Breathing (Ear over mouth listen and look down chest wall for movement)

CPR (Begins, dont stop until relieved by paramedic, 30 / 2, to staying alive)


----------



## Guest (Oct 13, 2012)

I still think the old style CPR is the better than the one they advertised with Vinny Jones. I would still administer mouth to mouth if their airway was clear. It was 3 sets of 10 and then BREATH , IIRC


----------



## Guest (Oct 13, 2012)

The hands only CPR is an avoidance for HEP C and HIV etc, anything that can be transfered


----------



## MRSTRONG (Apr 18, 2009)

:lol:


----------



## MRSTRONG (Apr 18, 2009)

you dont need to breathe into them as the compression sucks air in .


----------



## Fatstuff (Mar 2, 2010)

Dave said:


> The hands only CPR is an avoidance for HEP C and HIV etc, anything that can be transfered


Ah so I was probably taught that and in not going mental lol


----------



## Tom90 (Jan 29, 2010)

Jesus...

If anything mate, his son will probably thank you for trying! Can't imagine what that situation must've been like for everyone involved.


----------



## Bish83 (Nov 18, 2009)

If its worth anything the training i have done for first aid several months back dictates 30 compressions and 2 rescue breaths but the rescue breaths are optional.

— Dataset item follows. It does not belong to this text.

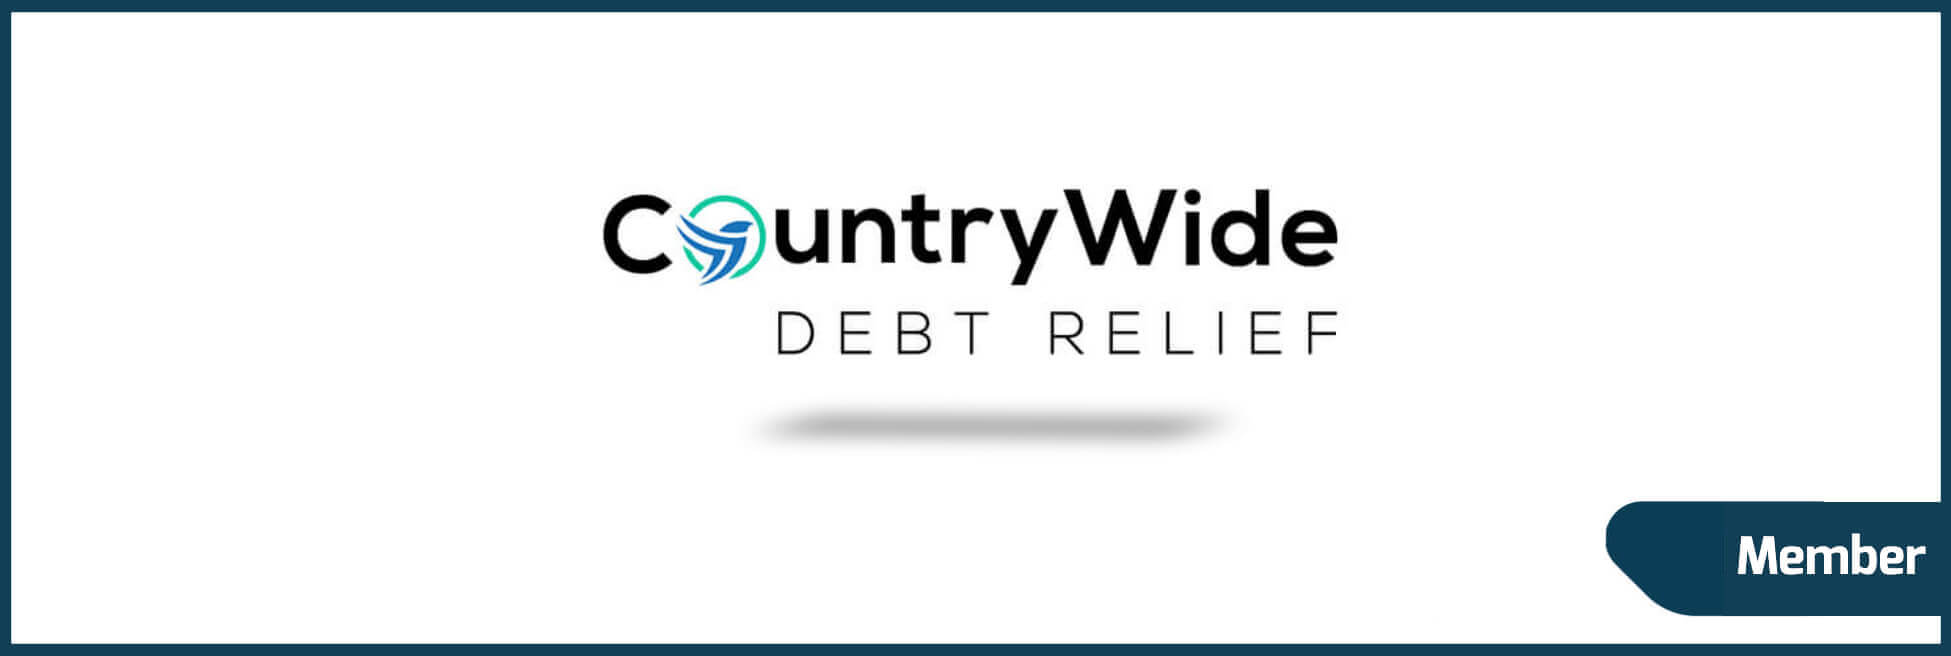 Countrywide Debt Relief, LLC

This was based on the fact you could of contracted an illness or disease that could be passed through saliva i.e. hepatitis. Not being funny but the last training course i did told you what would happen if you did do the breaths and why a face mask was pretty much essential.


----------



## Guest (Oct 13, 2012)

Things like this scare me so much. R.I.P to the bloke that died. Hope you feel better soon OP, must be hard x


----------



## loganator (Mar 19, 2011)

hi mate from what i can gather you are not legaly required to have an aed on site ..... have a read of this

http://www.resus.org.uk/pages/legal.pdf

It's unfortunate that it happened but you clearly followed instructions given to you by emergency services ......

I think the two women who have handed in there memberships have over reacted or are frightened of any responsibility being put on them so they have decided to show which side of the line they are saying they are not happy with how it was dealt with and dissasociating themselves with the incident.

To be honest i think it's natural to ask your self if you did enough as a life has been lost but you did all you could and the guys sons opinion clearly reflects that fact ,

You are not to blame mate ......


----------



## Kemot (Oct 2, 2012)

I was a big smoker , and I gave up. I've got father in hospital and he is fighting with cancer now --- he was dinking couple of beers a day smoking more than one pack a day. He was very good powerlifter but was never looking after his health and taking for granted . :sad:. It is sad. But we should all make the most of our life and treat our body with respect - don't abuse it ! Many people are scare of routine checks but we should do it every 6months. even often if you take a gear.


----------



## El Toro Mr UK98 (Nov 11, 2011)

Hi everyone and thanks for the kind support, Im just opening this thread again for an update as Ive just had a visit from the health and safety ppl at work asking me loads of questions about the night it hapened.

We did not have a complete first aid kit, I didnt know where the accident book was and I am nearly sure my first aid is over due for renewal.

I was also never given any emergency training by the employer.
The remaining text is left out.